Derrida’nın İsrail konusundaki tutumu, Bourdieu’nünki gibi, hiç de benzersiz değil. Solcu Fransız entelektüel Etienne Balibar da kısa bir süre önce çok sayıda meslektaşına İsrail’e ders vermek üzere yaptığı ziyareti gerekçelendiren bir açıklama gönderdi. Bazı Fransız akademisyenlerin ve kurumların İsrail’e karşı yürüttüğü akademik boykotun yararlarını ve zararlarını tartışan Balibar, hiç söylemese de boykot karşıtı tarafta yer alıyor. Her ne kadar boykotu desteklediğini iddia etse de İsrail’e yaptığı ziyaret ve verdiği konferanslar bu iddiayı yalanlıyor. Gerekçesinde Balibar, konumunu bir “çelişki” olarak değil, daha ziyade bir “zorluk” olarak tanımlıyor. Bir yandan, hükümetlerinin işgaline karşı çıkan İsrailli akademisyenleri izole etmek istemediğini, bunun da İsrail’e yaptığı ziyareti haklı çıkardığını iddia ederken, diğer yandan bu tür İsraillilerin zaten çok az olduğunu ileri sürüyor.

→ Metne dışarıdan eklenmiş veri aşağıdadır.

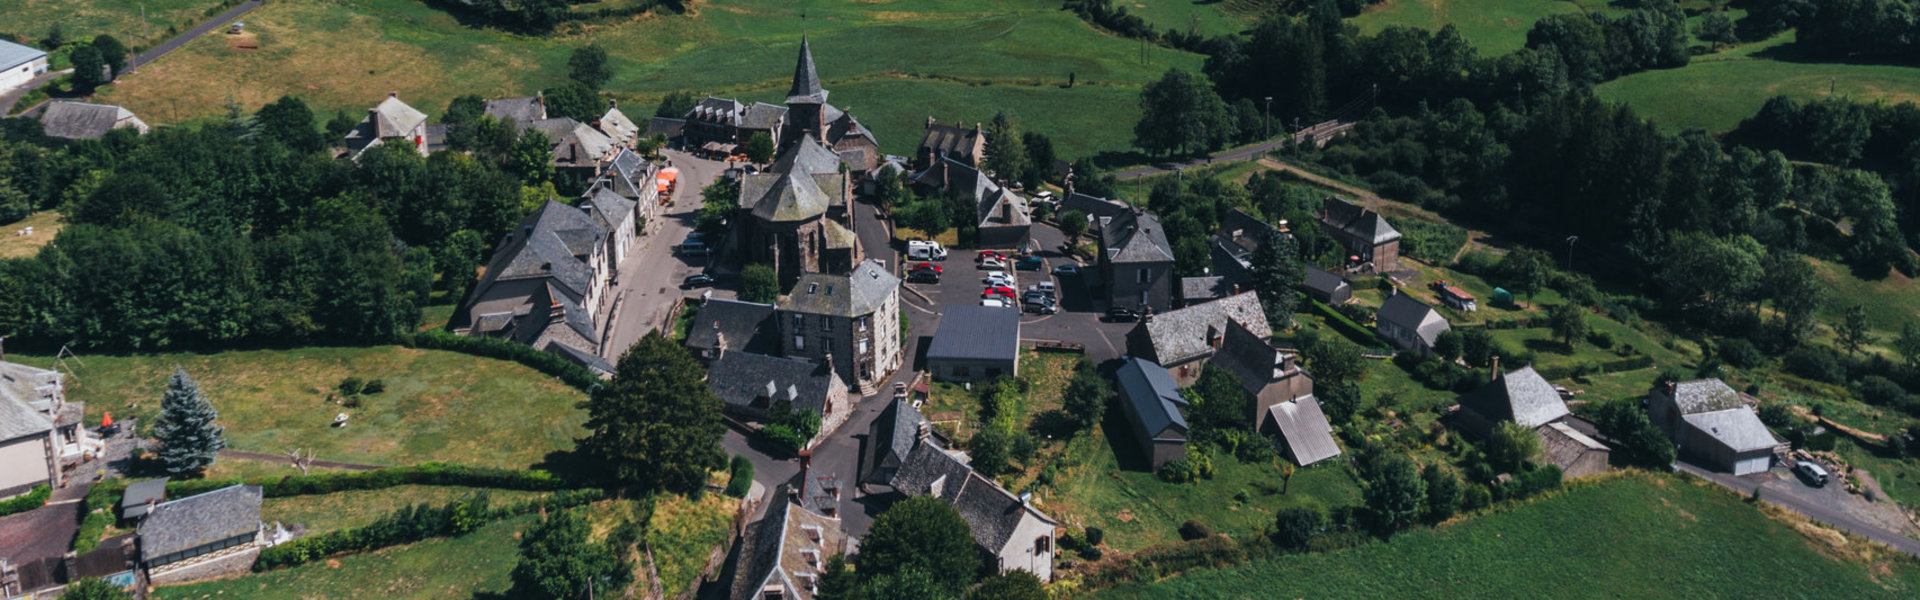 Patrimoine Communal Mairie Tranquillité Cantal Auvergne
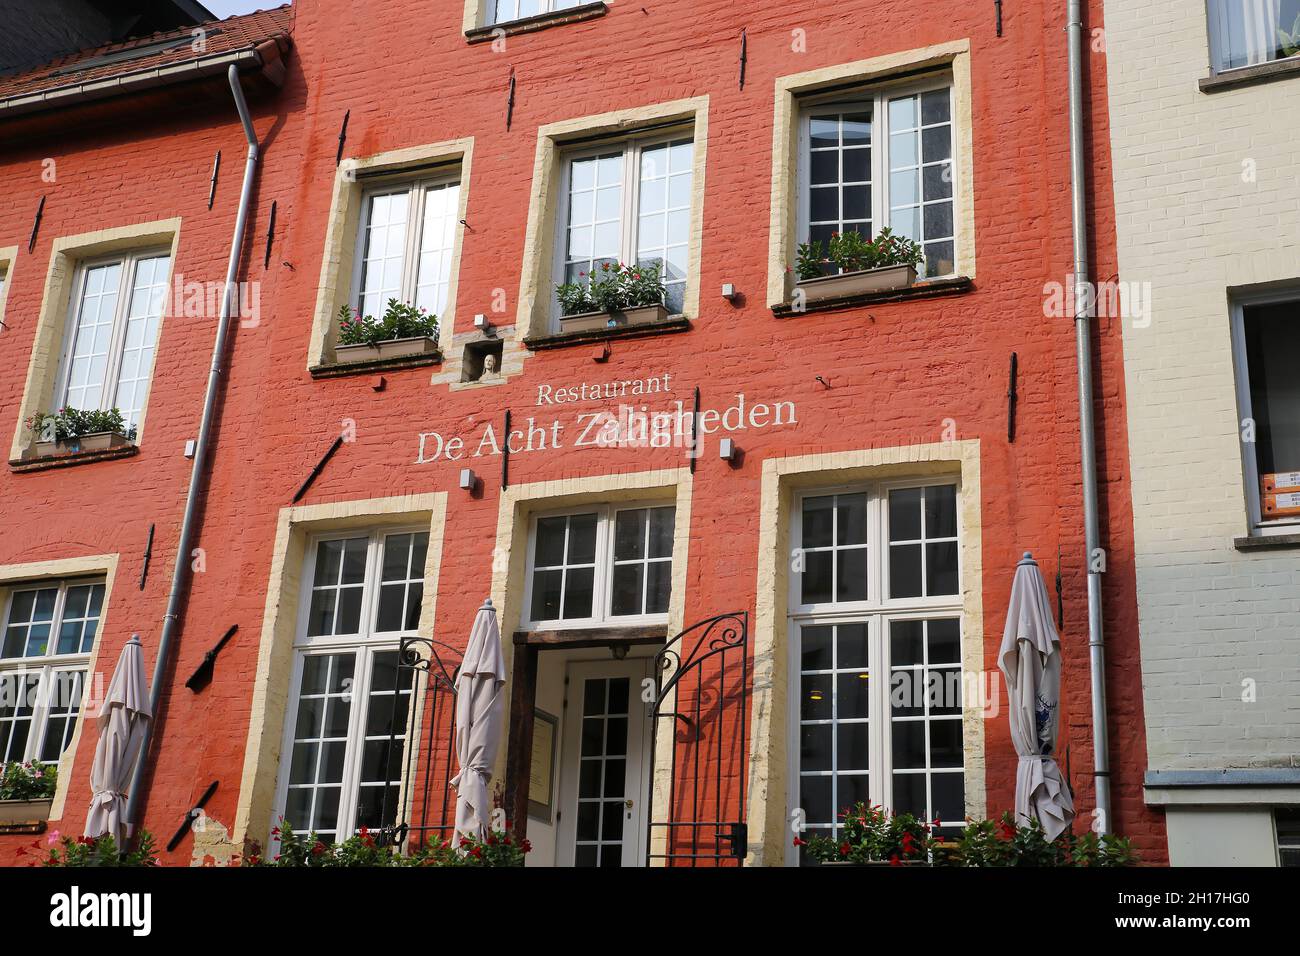 Gand, Belgio - 9 ottobre. 2021: Vista dal fiume sulla facciata casa in mattoni rossi del ristorante de acht zaligheden Foto Stock

Balibar, İsrail’de ders vermenin bu birkaç İsraillinin izolasyonlarını kırmalarına nasıl yardımcı olduğunu ve ziyaretinin, dünyanın önde gelen entelektüelleri tarafından ziyaret edilen ve oradayken bile eleştirebilen (böylece İsrail’in “Orta Doğu’daki tek demokrasi” olarak propagandif imajını doğrulayan) İsrail’in meşruiyetini artırıp artırmadığını açıklamıyor. Balibar, gerekçesinin hiçbir yerinde İsrail’in ırkçı bir Yahudi Devleti olduğu gerçeğine dikkat çekmemektedir; onun muhalefeti sadece Batı Şeria ve Gazze’deki işgaline yöneliktir. Balibar, Filistinli akademik kurumlar ve akademisyenlerle görüşerek ve/veya onları da dinleyici kitlesine dahil ederek ziyaretini haklı çıkaracağına inanıyor gibi görünüyor.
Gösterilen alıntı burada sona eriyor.